Very quickly we find there are a couple of fields which are mysterious and call out for more
CloudFormation code. What are DBSubnetGroup
and VPCSecurityGroups
? These are required, even
though the CloudFormation docs say they are conditional. I
believe they’re not officially required b/c at some point in time RDS instances could be created
without a VPC. Nowadays, RDS instances must be part of some VPC, either your default VPC or
another. I’m sure there are edge cases which I don’t know about, but this whole post is about
access resources in a VPC…so these fields are required.
So, what are these two things and why do we need them?
DBSubnetGroup
As I understand it, the DBSubnetGroup
is a resource which groups together two or more VPC subnets
and provides the RDS instance the ability to be a part of the VPC. At least two subnets are
required since DBSubnetGroup
s require a subnet in at least two availability zones.

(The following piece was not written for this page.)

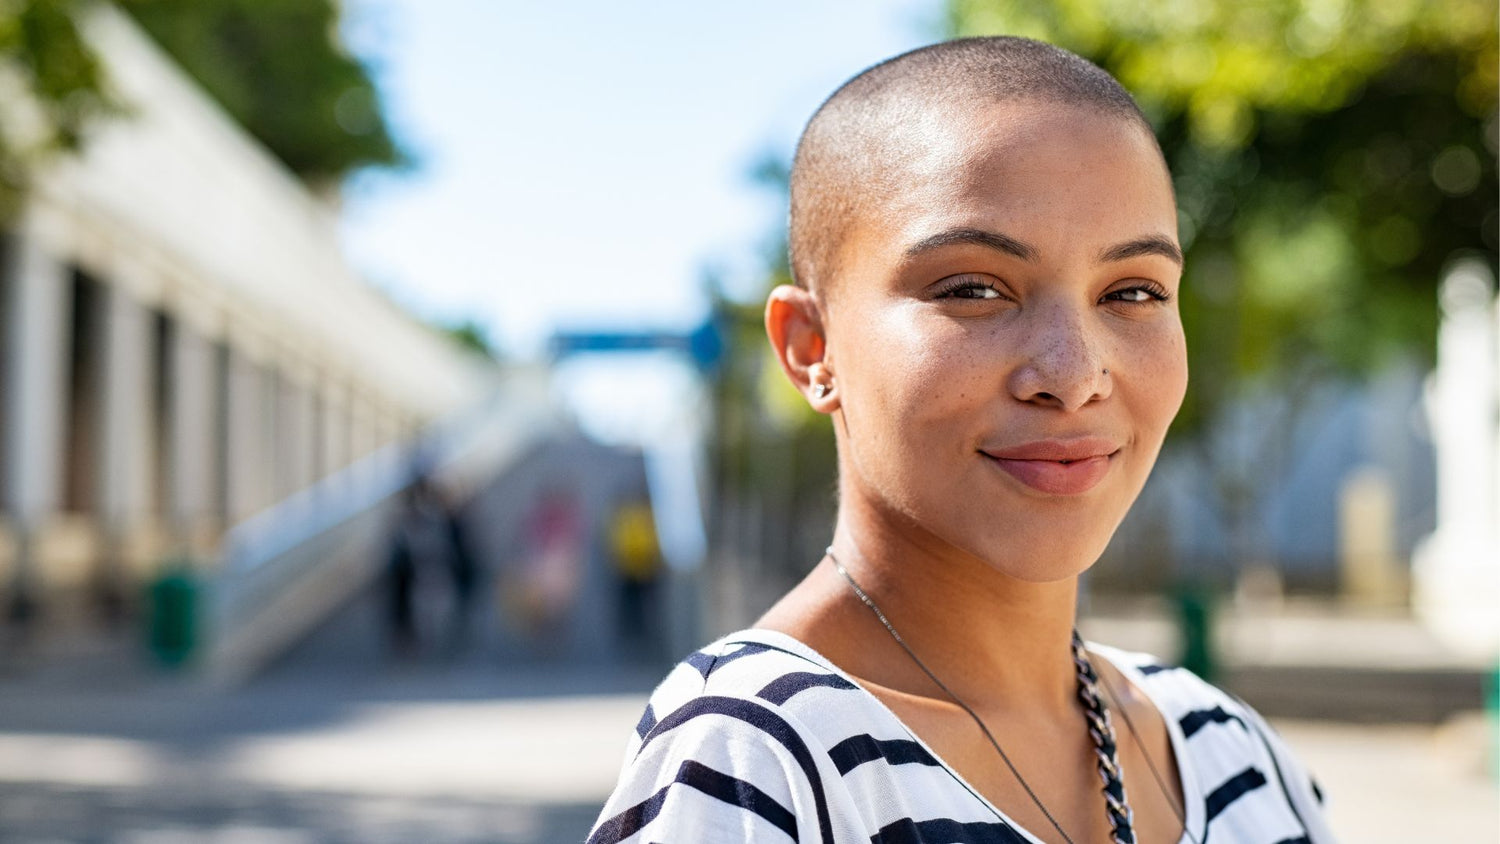 Should I Shave My Head? The Benefits of Going Bald

Subnets come in two flavors, either public or private. Public subnets in a VPC allow for
connections in/out of the public network (the internet). Private subnets do not. Most
DBSubnetGroup
s group
together private subnets, because who on earth wants to expose a database to the outside world?
Of course, if you’re just playing around, you may want to do just this. But, don’t expose your DB
to the world, if you care about it. You’ve been warned.
Note, there is much more to it when discussing making an RDS instance publically accessible. The subnets which it’s connected to is just one part of that discussion.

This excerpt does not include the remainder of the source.